Machine Learning - Lecture 3: k-means clustering
Chris Thornton
Introduction
Nearest-neighbour methods are a simple way of using
clump structure for prediction.
They avoid the need to construct a model.
Unfortunately, they have a serious weakness.
As the number of data increases, the task of finding nearest
neighbours gets harder.
Eventually, the time (or storage costs) involved may be
unacceptable.
At this point, we have no choice but to revert to an
approach based on explicit modeling.
Clustering
The model we obtain in a particular case all depends on the
patterns we go looking for, and the way in which we then
represent those patterns.
Methods which aim to find and represent basic clumps in the
data are known as clustering methods.
An enormous number of these have been devised, many in the
field of statistics.
We will focus on just two of the best known methods.
Agglomerative clustering
This method builds a tree structure representing the way in
which datapoints clump together in a hierarchical way.

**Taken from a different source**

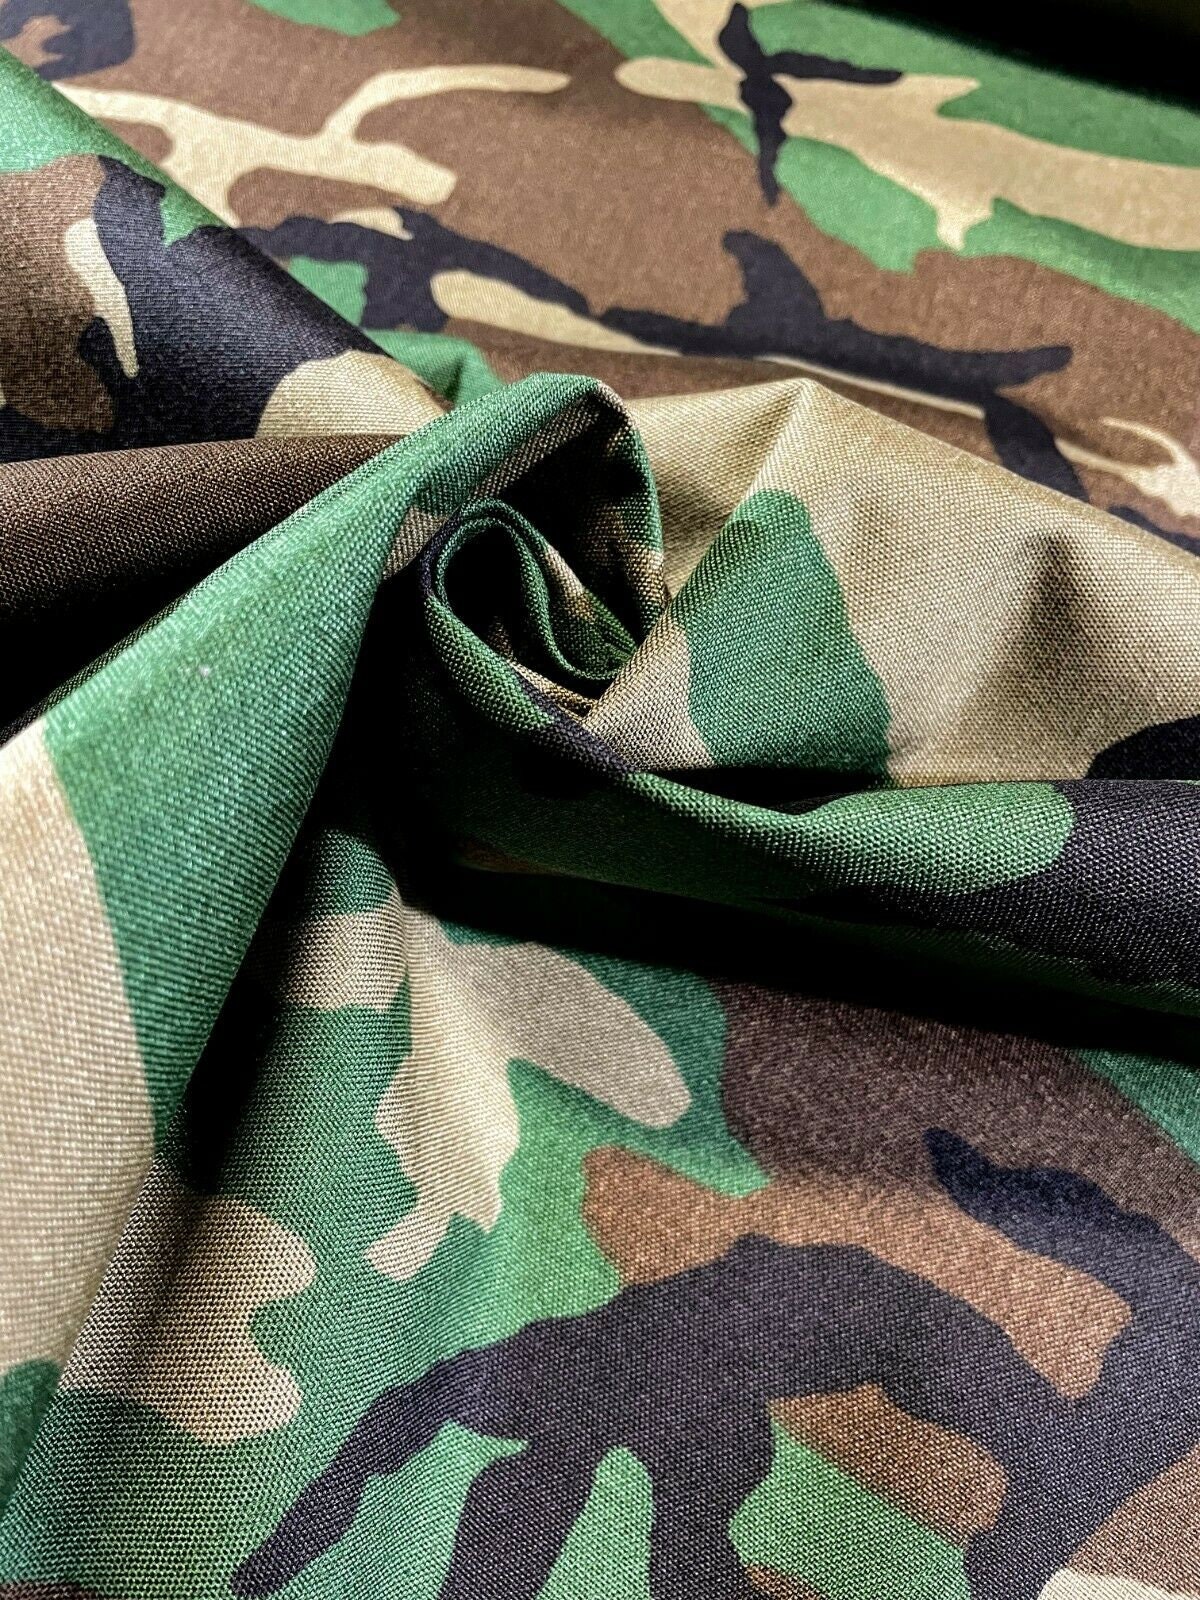 Woodlands Military 500D Coated Hunting Camo Fabric Cordura DWR | Etsy

There are four main steps:
- Initialise clusters so each datapoint has its own
cluster.
- Calculate the similarity of every pair of clusters by
averaging similarities of their datapoints.
- Form a new cluster by combining the two most similar clusters.
- Exit if just one cluster left. Otherwise repeat from step 2.
Example
Let's say we have a dataset based on two variables: VL and
TD.
VL TD
17 1
18 6
29 0
16 3
17 4
22 7
15 16
16 0
19 2
14 3
Visualisation
With low-dimensional data we have the great advantage of
being able to look at the data as a distribution of points.
29 x
28
27
26
25
24
23
22 x
21
20
19 x
18 x x
17 x x
16 x x
15 x
14 x
0 1 2 3 4 5 6 7 8 9 10 11 12 13 14 15 16
Hierarchy produced by agglomerative clustering
|-------------------------- <15 16>
|--
|---------------------- <29 0>
|--
|------------------ <22 7>
|--
|-------------- <18 6>
|--
|--
| |------ <14 3>
| |--
| |-- <16 3>
| |-- <17 4>
|--
|------ <19 2>
|--
|-- <17 1>
|-- <16 0>
Non-hierarchical clustering
While cluster hierarchies provide interesting information
about groupings at different levels of description, what we
really want for prediction is a method that divides the data
into a single set of groups.
This effect can be obtained using k-means clustering.
This is the most widely used, non-hierarchical clustering
method.
k-means clustering algorithm
Let's say the data distribute into k clumps, and
we want to know where these clumps are.
For this method, we use imaginary datapoints called
means or centroids to represent clump centres.
Having initialized exactly k centroids to random positions,
we then apply the following two steps:
- Each datapoint is assigned to its closest centroid.
- The position of each centroid is set to be the average
of all the datapoints assigned to it.
These two steps are then repeated as long as we see any
change in the assignments.
The general effect is that the centroids `move' rapidly to
the k most densely populated parts of the dataspace.
Using centroids for prediction
Models based on centroids can be used for prediction
by applying the nearest-neighbour approach.
For each centroid, we work out which classification is most
common among its captured datapoints.
That classification is then associated with the centroid.
Then we just apply the nearest-neighbour rule, but using
centroids rather than datapoints.
Any new case is predicted to have the classification
associated with its nearest centroid.
Demo
- Creating data: 1s, 0s, Xs
- Listing data
- What happens with a single centroid
- What happens with more than one centroid
- How do we find the right number of centroids?
- Color coding for predictions
- Use of unseen datapoints
Summary
- As dataset size increases, nearest-neighbour methods get
increasingly costly.
- Eventually, the only alternative is to produce some form
of explicit model.
- Clustering methods aim to model the way data `clump'
together.
- Agglomerative clustering produces a hierarchical model.
- k-means-clustering is a simple and efficient way of
deriving a non-hierarchical model.
- Applying nearest-neighbour rules to cluster-centroids can
be a way of generating predictions and classifications.
Questions
- In k-means-clustering, why do centroids appear to `repel'
each other.
- Estimate the amount of memory required in executing the
k-means clustering algorithm.
- On what assumptions can we say that that
k-means-clustering performs induction?
- In a random distribution of positive and negative
data-points, estimate the number of centroids needed
to accurately model the data.
- What sort of clump are we expecting when we use
measurements of city-block distance for clustering?